● DATA SECTION:
Segment Open

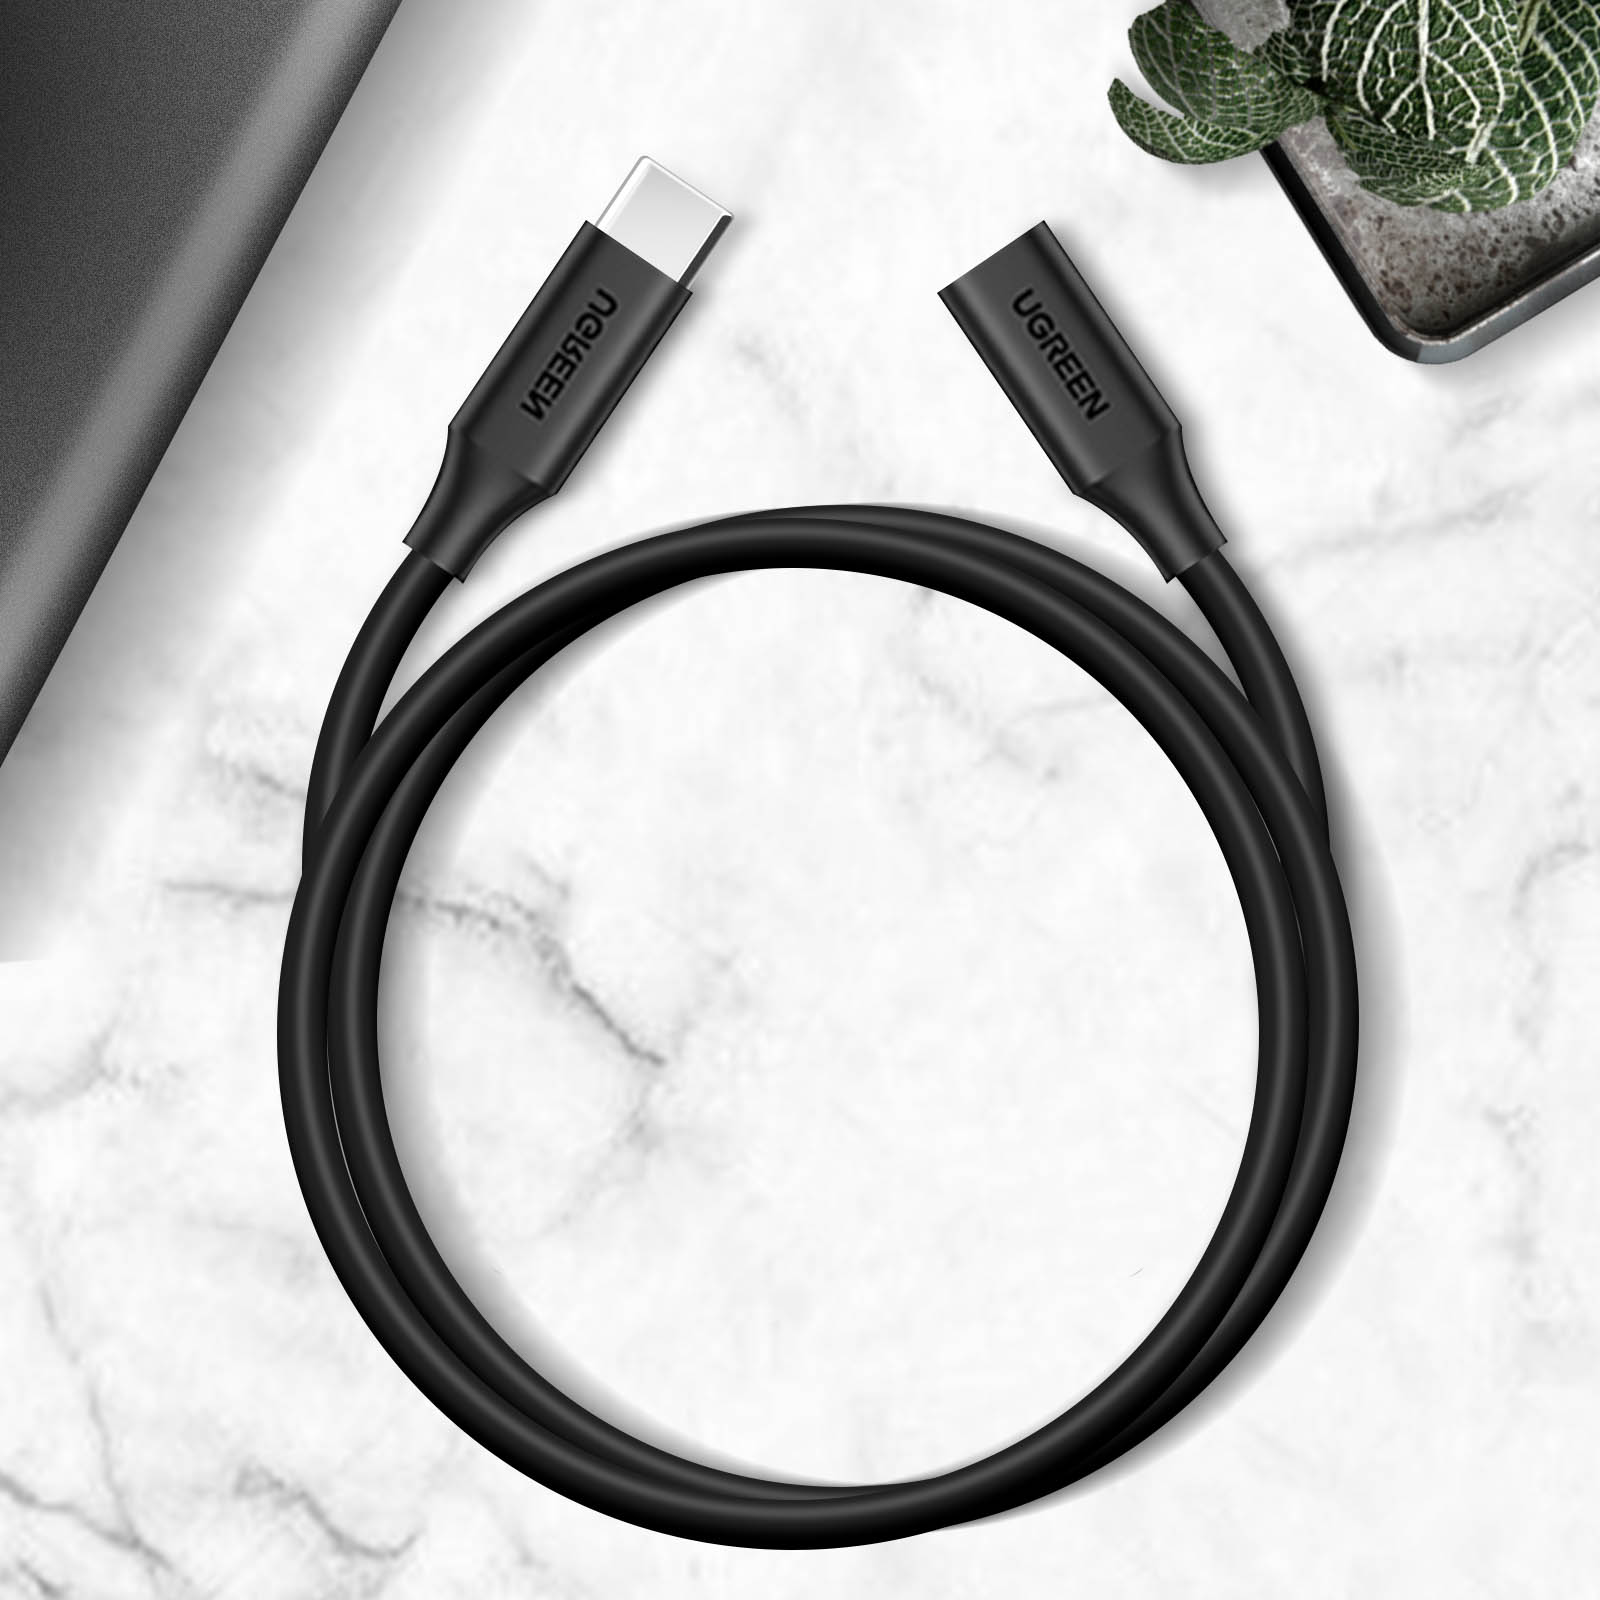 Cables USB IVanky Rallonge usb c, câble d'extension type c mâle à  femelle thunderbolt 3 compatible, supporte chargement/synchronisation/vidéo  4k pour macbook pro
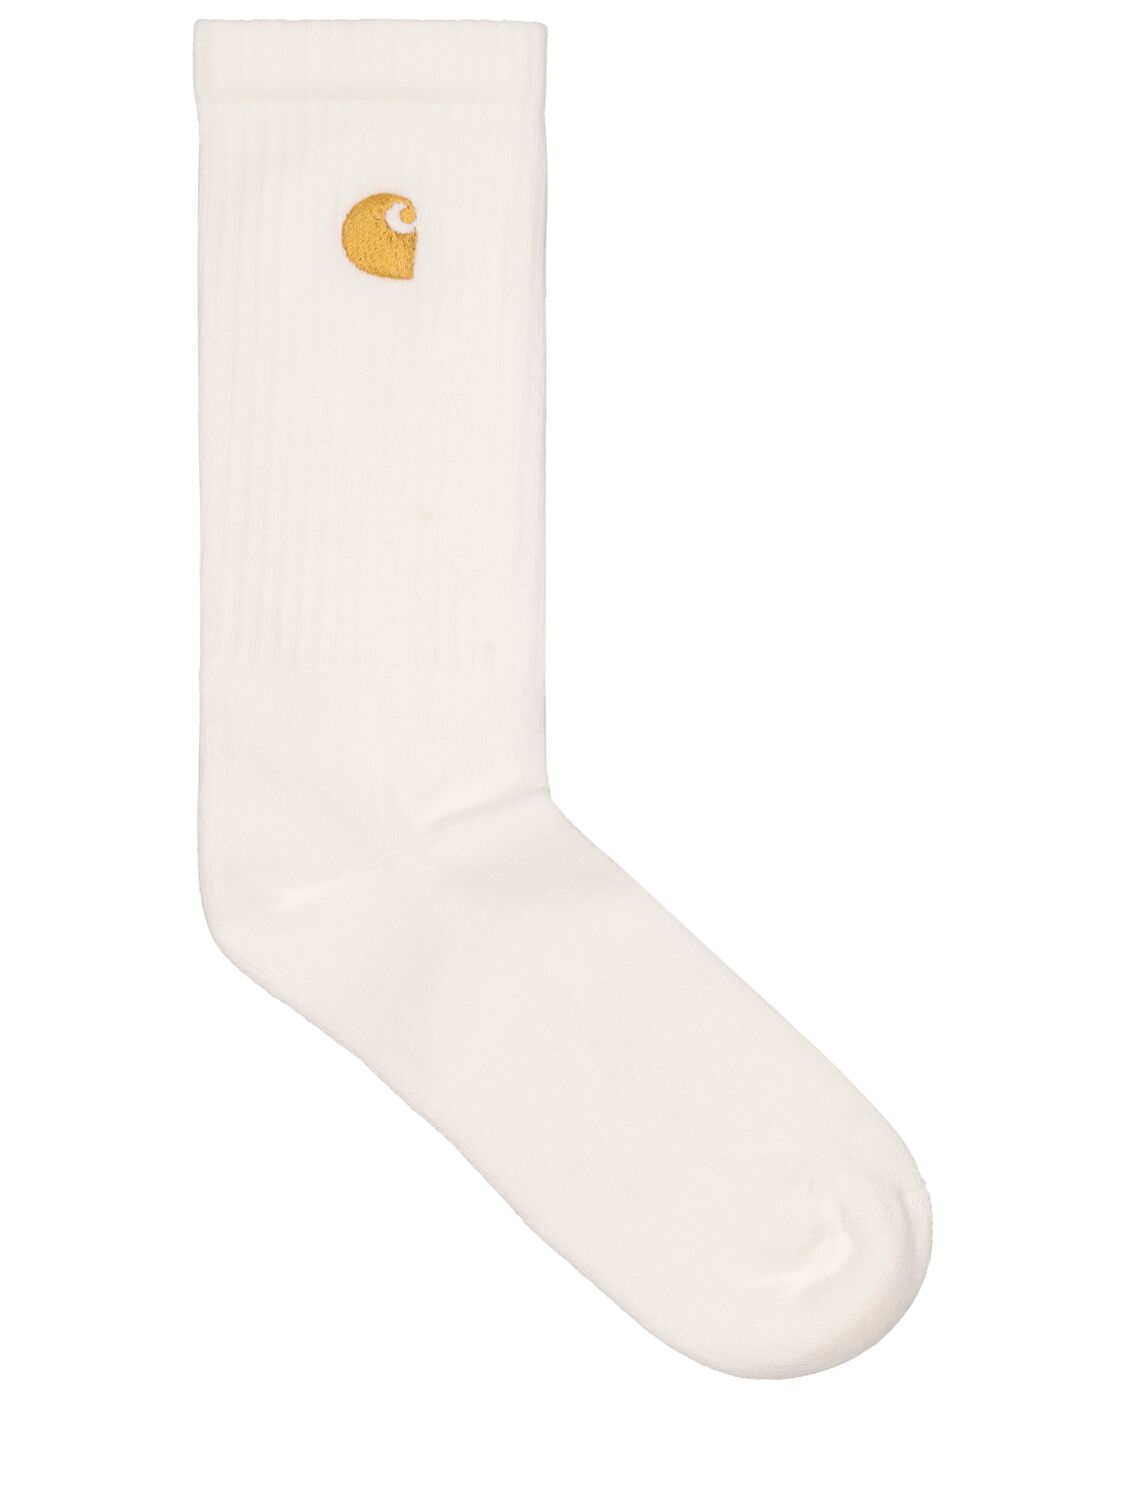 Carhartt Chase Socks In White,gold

Segment Closed
Segment Open

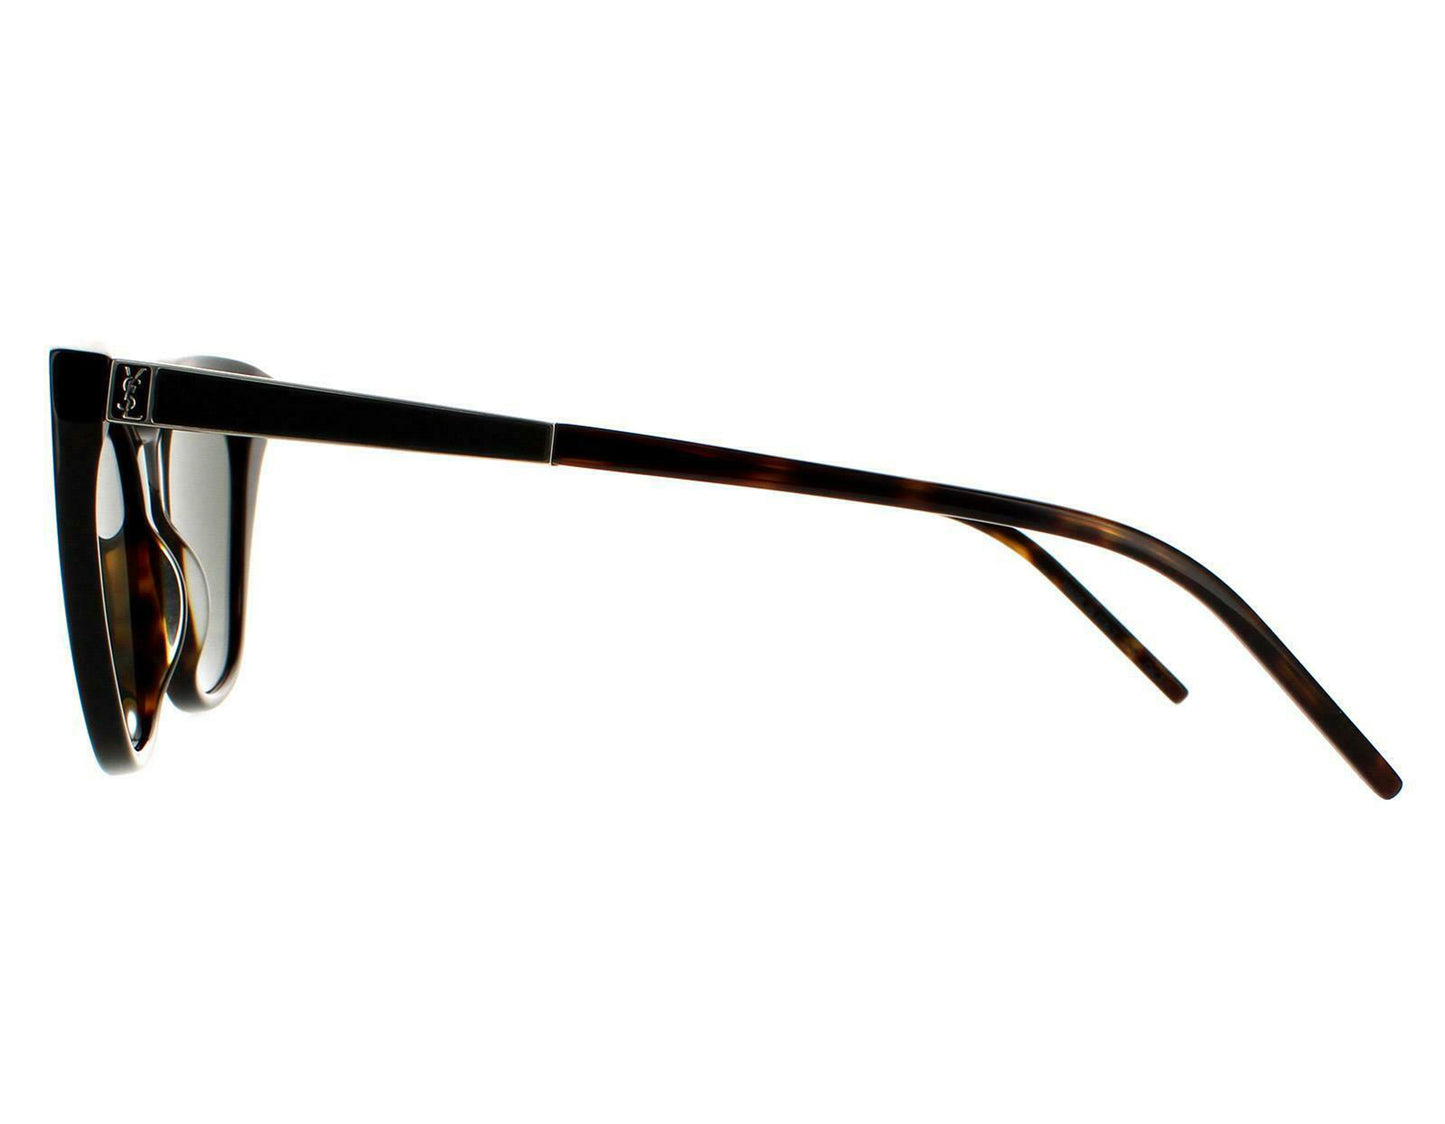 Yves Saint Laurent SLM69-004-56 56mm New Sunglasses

Segment Closed
Segment Open

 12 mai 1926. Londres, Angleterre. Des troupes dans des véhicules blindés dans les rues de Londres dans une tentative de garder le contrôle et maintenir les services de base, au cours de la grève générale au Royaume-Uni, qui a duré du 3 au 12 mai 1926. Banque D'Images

Segment Closed

● EXERCISE OBJECTIVE: From the records above, quote word for word only the lines beginning at the line that has "Cables USB IVanky" and stopping after the line that has "Carhartt Chase Socks In White,gold". Omit the pictures.

● SOLUTION FOR THIS TASK:
 Cables USB IVanky Rallonge usb c, câble d'extension type c mâle à  femelle thunderbolt 3 compatible, supporte chargement/synchronisation/vidéo  4k pour macbook pro
 Carhartt Chase Socks In White,gold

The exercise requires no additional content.